South Korea’s Hanwha Group is giving some bees a helping hand; creating an ideal home for them with the assistance of solar power.
May 20 was World Bee Day. If you didn’t know that, shame on you1! Bees are incredibly important insects that pollinate plants, including many important food crops. While honeybees aren’t the only pollinators, they are responsible for around one third of crop pollination.
Beyond pollination, there’s the sweet, sweet honey bees produce not only used as a food, but also medicine. Then there’s beeswax, royal jelly – and the list goes on.

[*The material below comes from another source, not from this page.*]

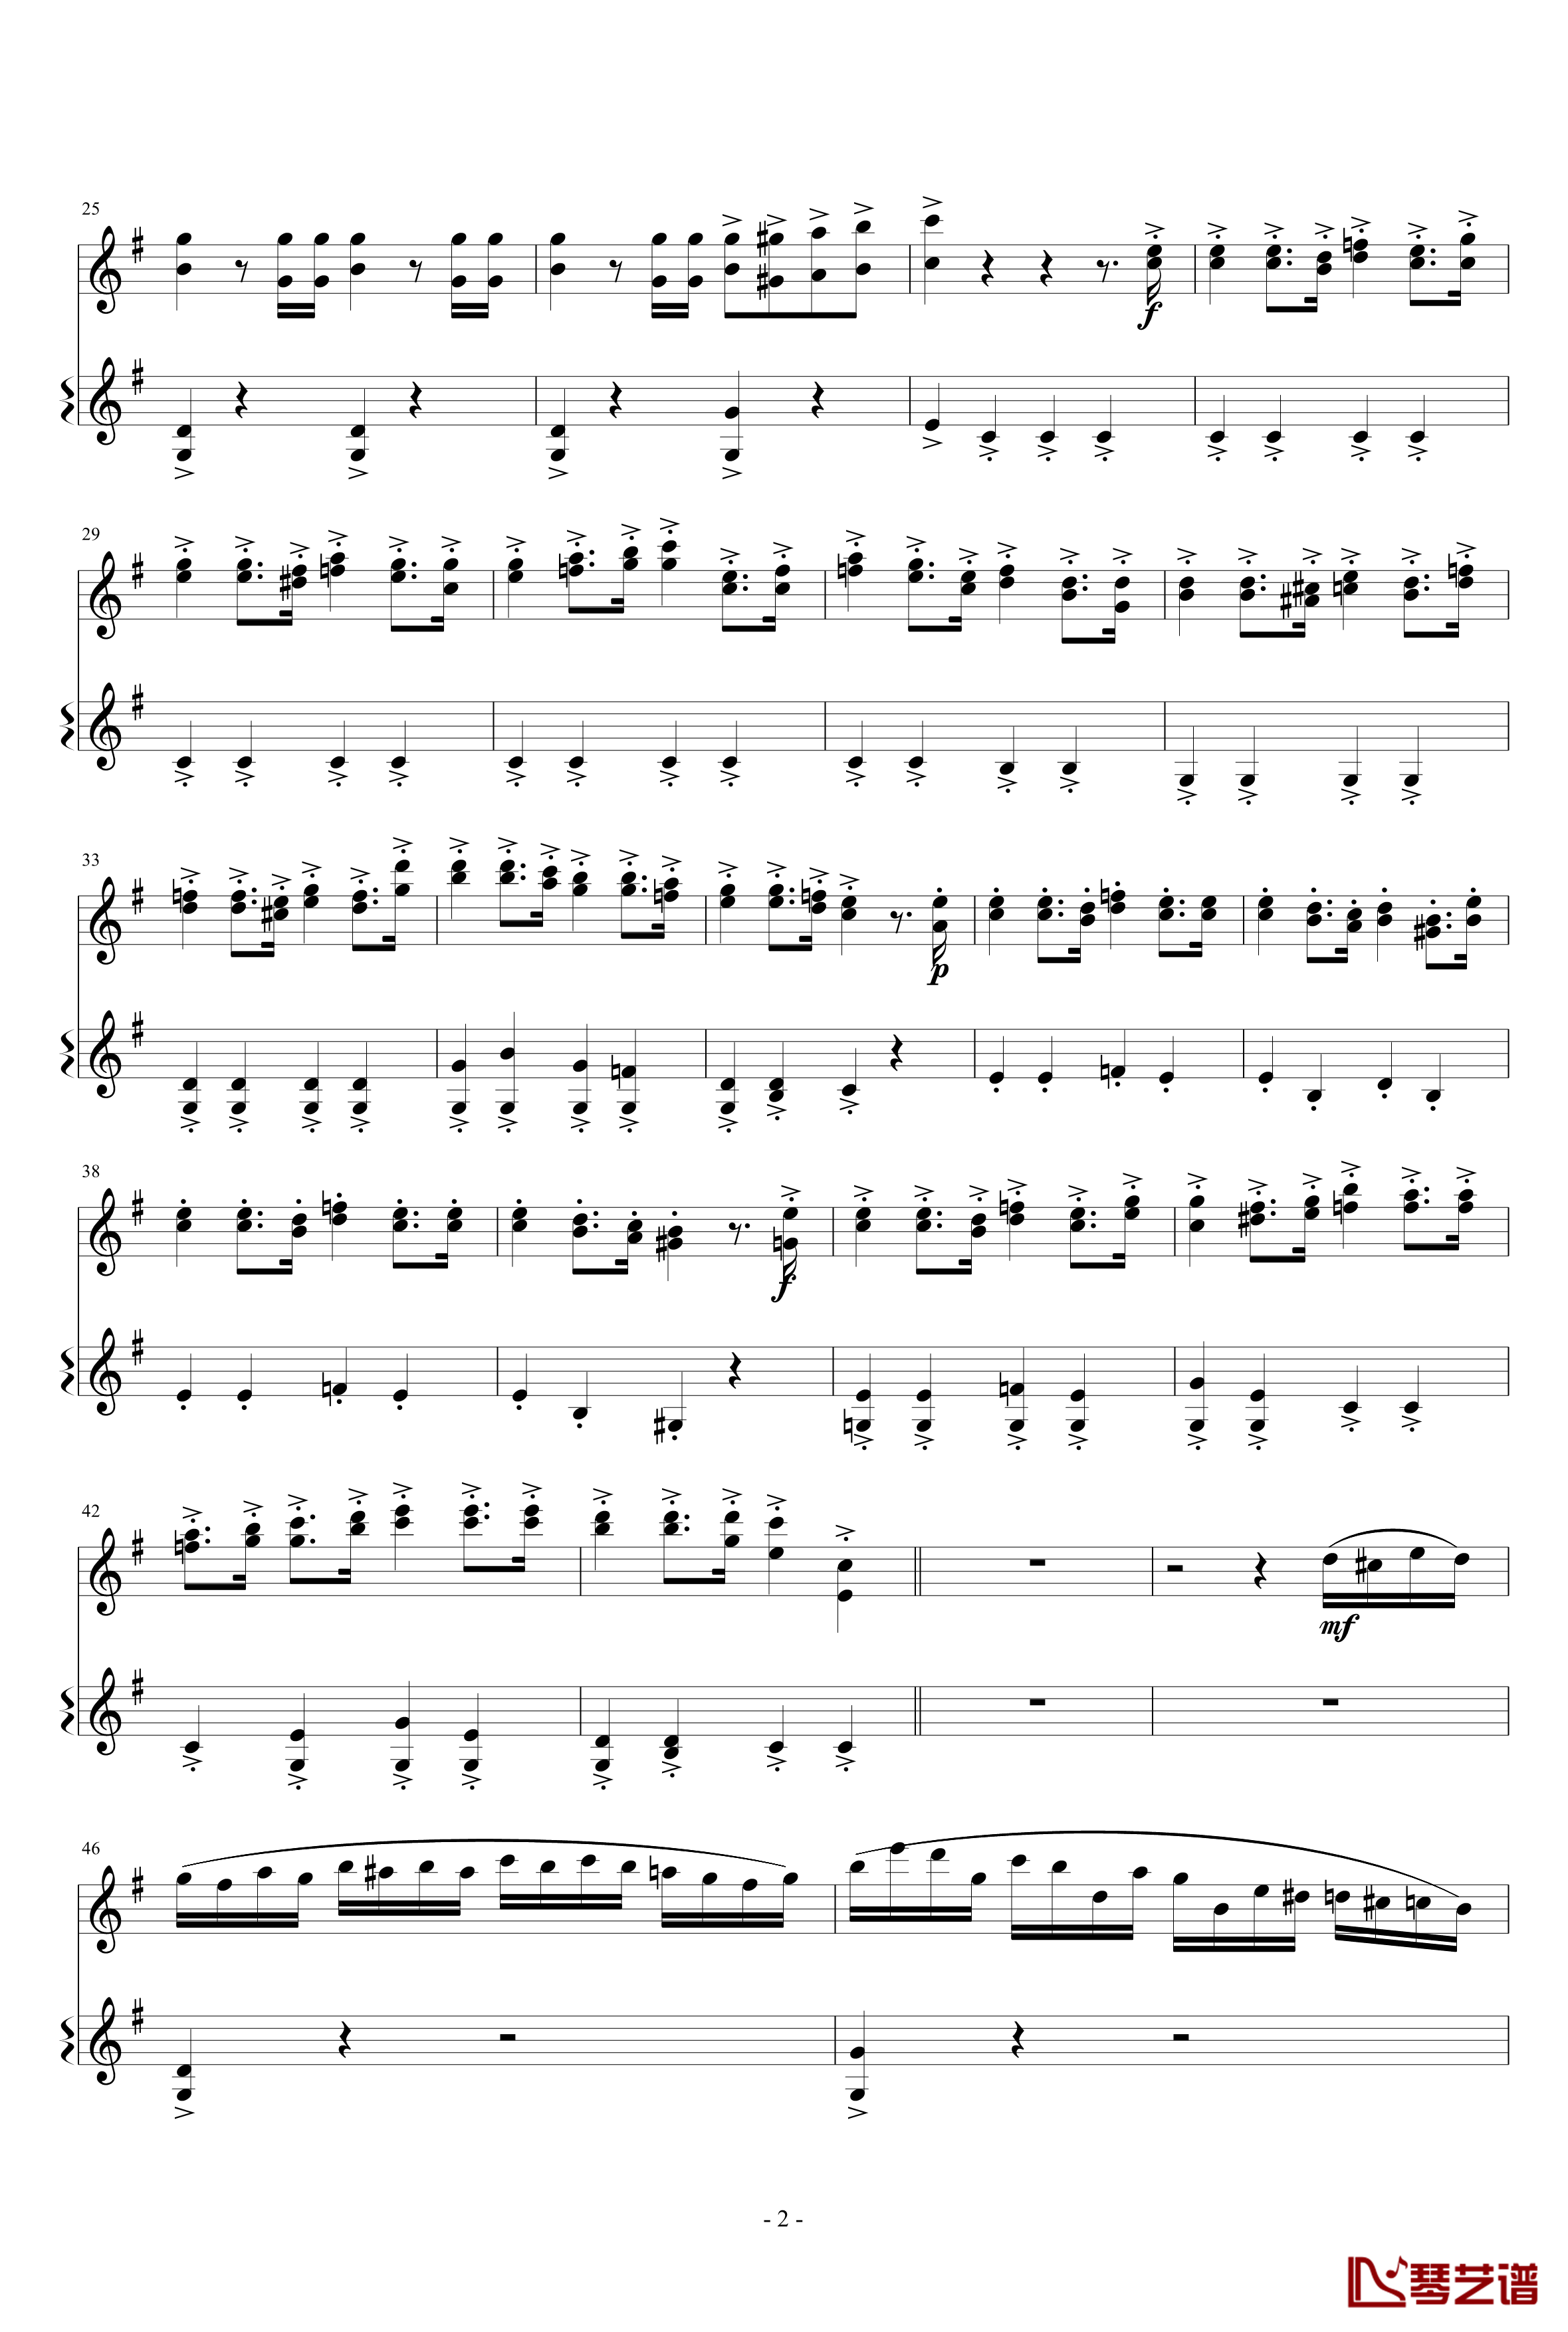 意大利国歌变奏曲钢琴谱-只修改了一个音-DXF2

Given how vital honey bees are, we’ve given them a pretty rough time through pesticides and the impacts of climate change. Bees and many other pollinators are in decline and that spells trouble not just for these insects, but flora that depend upon them for proliferation – and that impacts on other insects and animals; including us.
To provide some local bees a bit of support, Hanwha Group recently installed a couple of “Solar Beehives” at Korea National University of Agriculture and Fisheries (KNUAF) in Jeonju as part of a pilot program. According to the company, around 40,000 bees living in the structures will help pollinate the fruit trees on campus and wild flora nearby.

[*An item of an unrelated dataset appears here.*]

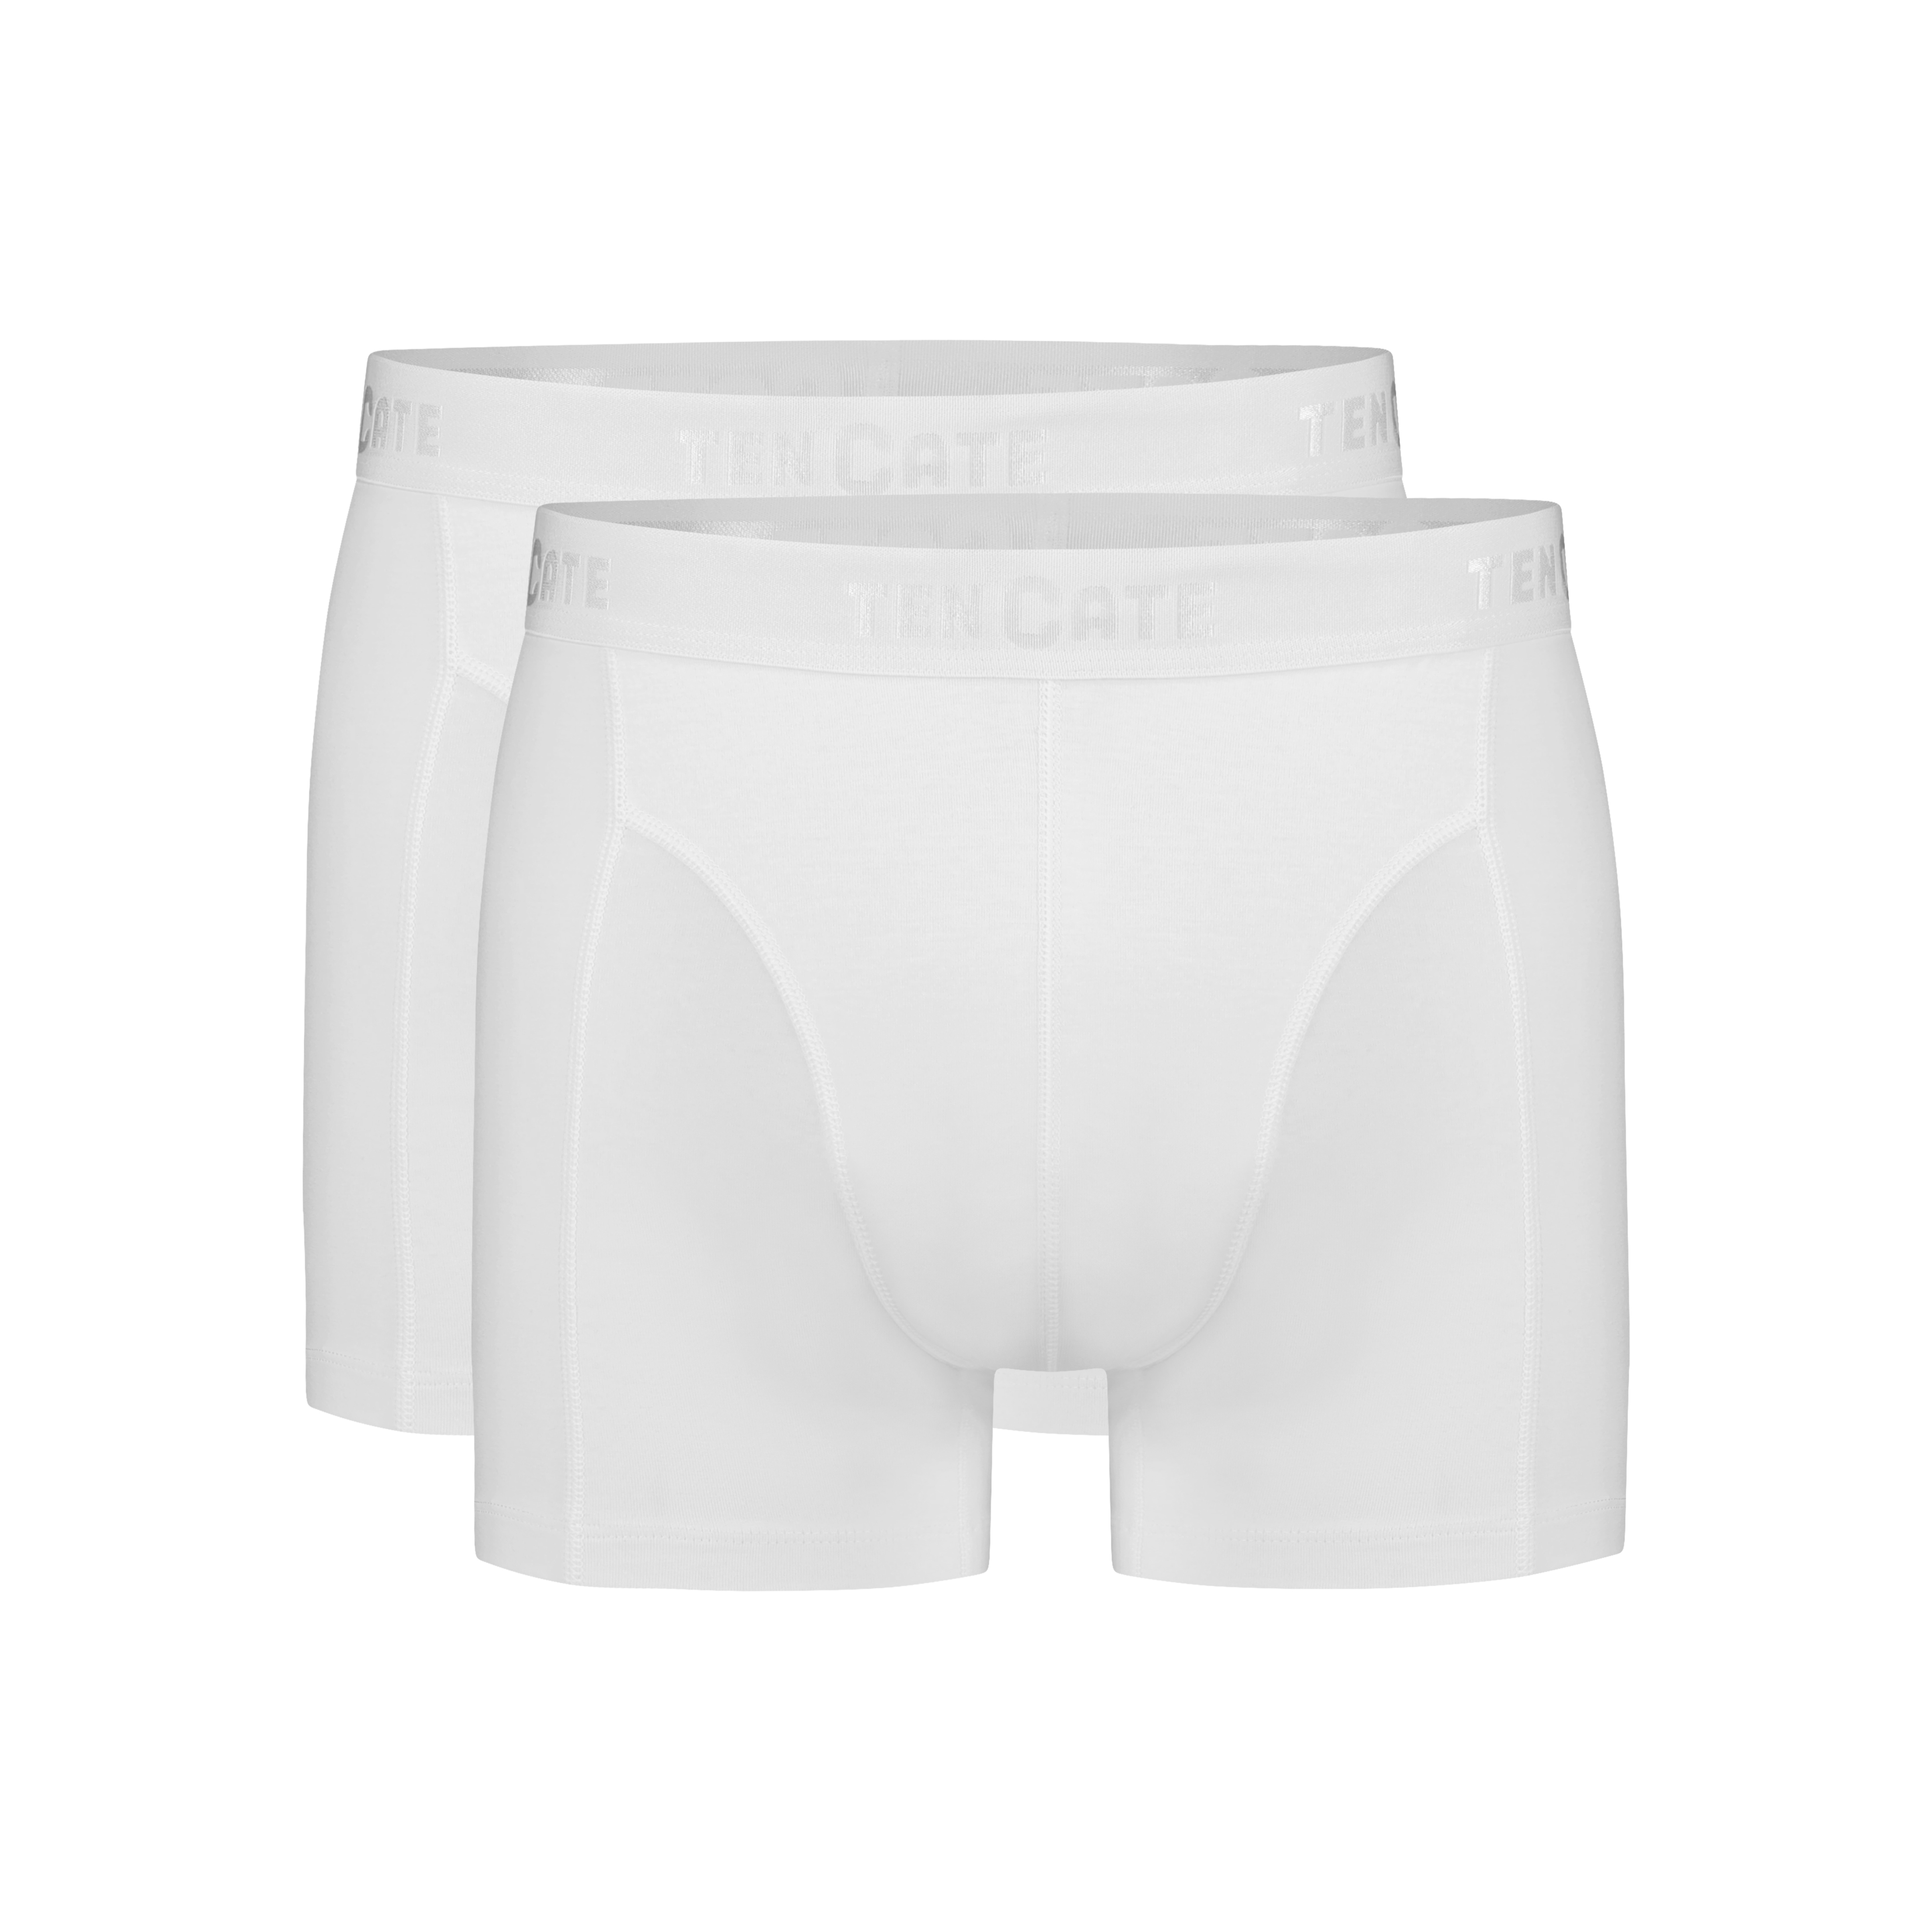 shorts grey melange 2 pack

Powered by solar panels atop the hives, the internal environment of the hives – temperature, humidity, water and food – is monitored and controlled to maintain a safe habitat for bees. A very clever feature of this setup helps protect the hive against one of the honey bees’ enemies – hornets. The presence of hornets is detected by measuring and analysing ambient sound. When detected, the entrance of the beehive will narrow into a passage too small for the hornets to pass through, but big enough for bees to gain entry.

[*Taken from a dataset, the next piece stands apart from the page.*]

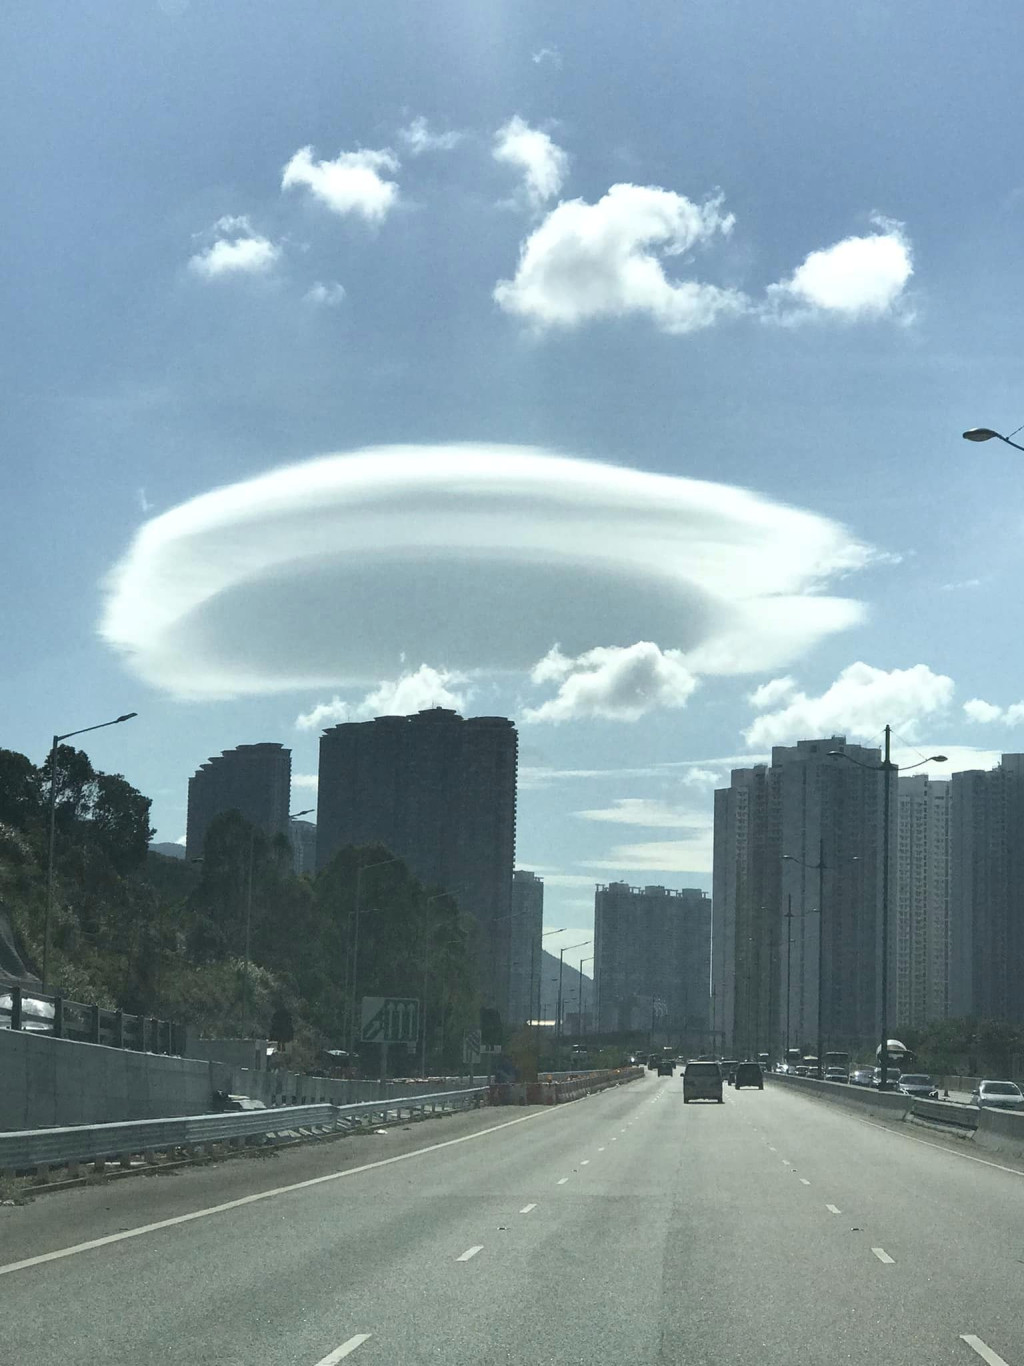 近日有網民於東涌上空見到「飛碟雲」。fb「香港風景攝影會」Chan Wai Nang攝

“The Solar Beehive will effectively increase the bee population and preserve the species, as it can monitor the growth of the bees in real time and detect diseases and pests immediately,” said KNUAF’s Professor Hye-Kyung Kim.
The high-tech hives will also collect bee activity data to contribute to studies on conservation.
Who Is Hanwha Group?
Hanwha Group is huge. Founded in 1952 as Korea Explosives Co., the group has expanded into a bunch of areas well outside of things that go bang – including solar power (and soon, EV charging).
One of the group companies is Hanwha Q CELLS, a solar panel manufacturer. Currently, the company wants to be known just as Qcells – and make sure you spell it that way. But that’s today, it may change tomorrow. This is a firm that seems to have a fetish for re-branding; fiddling with its logo, capitalisation, hyphens, spaces and whatever else on a pretty regular basis in recent years. Part of that fetish is then bugging web site owners to update their content.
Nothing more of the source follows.